I placed in a directn n gts 3 signal bars n it connctn mode is auto 

Upn connctn shows connctd in HSIA 

But speed z poor its just 20-30kbps max....

Anyway i cn gt the speed??


----------



## Dushie (Jul 7, 2013)

Try using thevsame latenight and check tye speeds.  Bsnl evdo speeds are deoendant on couple of factors, 1. Signal strength  2. No of users in your area 3. Distance from the tower 4. Modem you are 
Using and connection quality 

Usually speeds are low during the daytime,  but increase at night.


----------



## Coldbreeze16 (Jul 24, 2013)

Micromax EvDO modems are known for wrongly reporting HSIA when actually on 1X, Use the EvDO only rather than hybrid/auto mode. Also get an USB extender cable and move the modem around your house. In my house I get 12-15 kBps at one place and 40-60 kBps just 5 cm away rotated 30 degrees. EvDo is highly directional. You may want to know the location of your BTS tower as well to orient it that way.

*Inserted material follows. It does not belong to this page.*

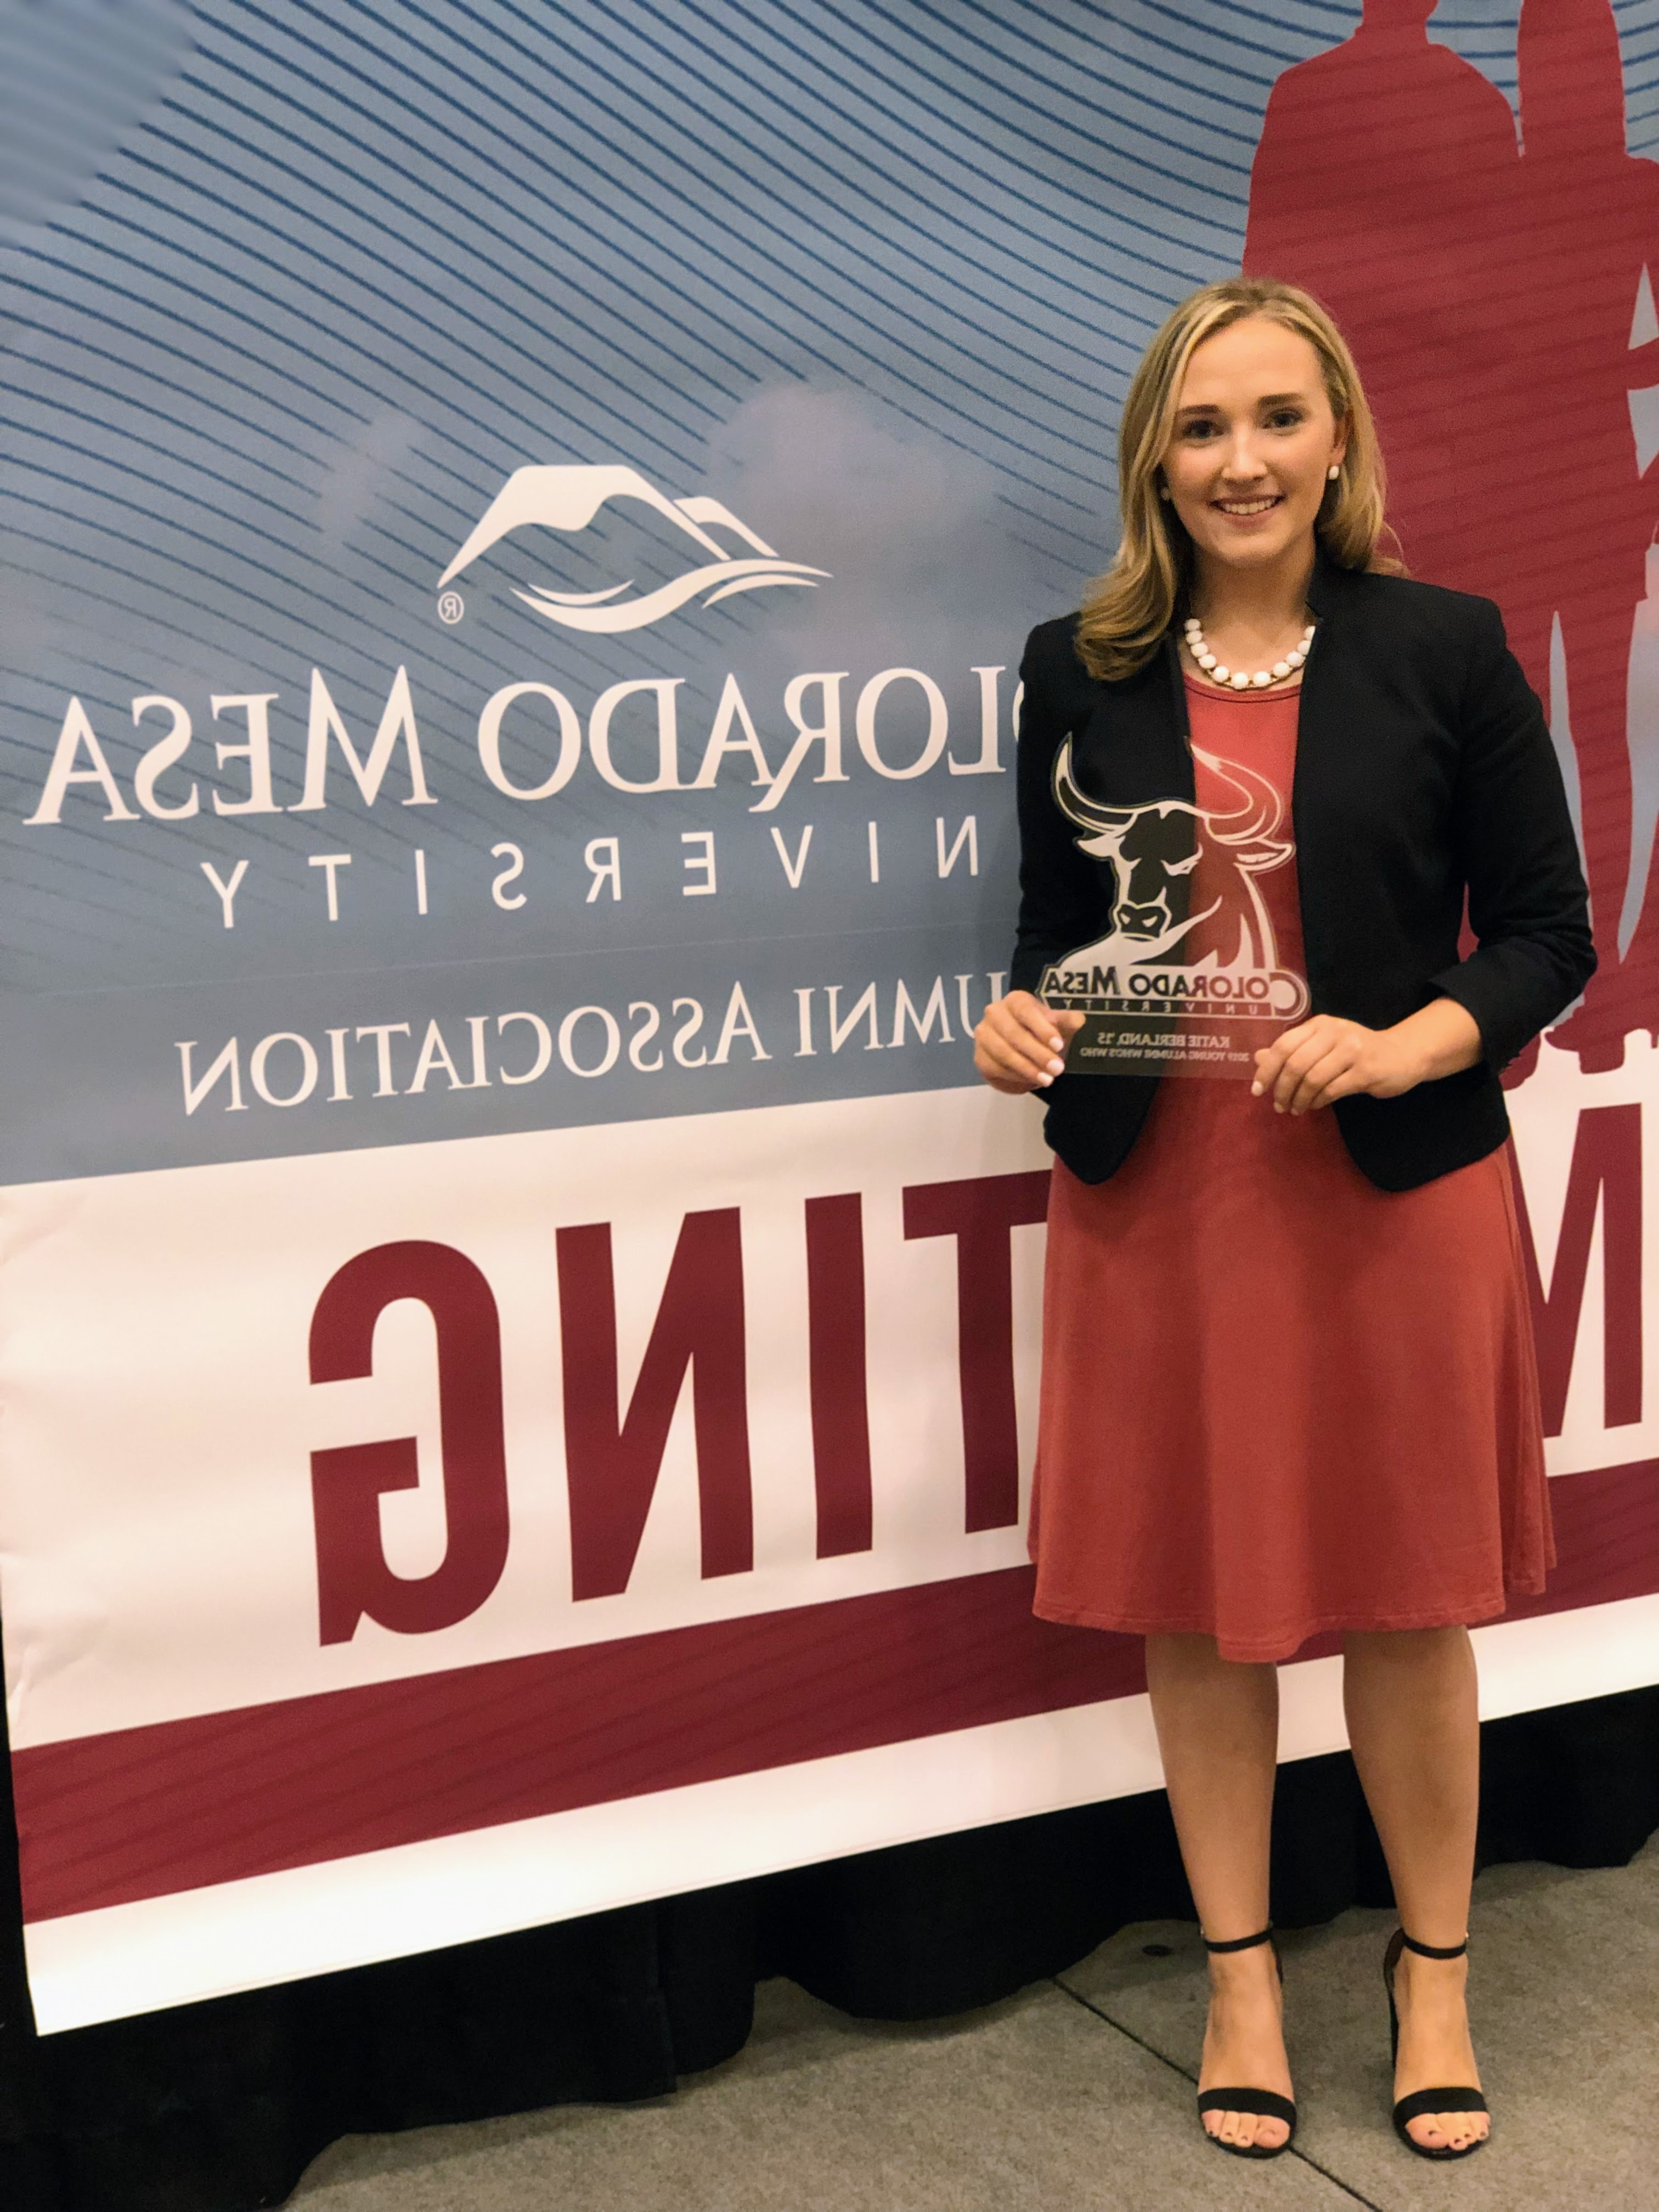 Katie won the CMU Alumni Association Who's Who Award in 2019

I had some luck with a directional antenna I built with coaxial cable, cardboard and hangar wire. I could have tweked it better but since I'm selling my EvDO next month, didn't bother. Google for CDMA 800 MHz yagi homemade antenna


----------



## sahil1033 (Jun 17, 2014)

What Coldbreeze16 said is totally right. I too use MMX 300C and I've experimented too much on EVDO. My area is a bit far away from BSNL exchange. So, getting good speed is kind of nightmare. What I've noticed about EVDO is that it's highly unstable, means, you can't use it on laptop comfortably. If you put your hand in front of modem, speed drops. Seeing all this, I bought a USB extension cable and fixed the modem at a place where speed was maximum. Yes, EVDO is highly directional, you move it 1 cm and change the direction of modem and you might get triple fold increase in speed. This is the best way to use BSNL EVDO at it's maximum capacity.


----------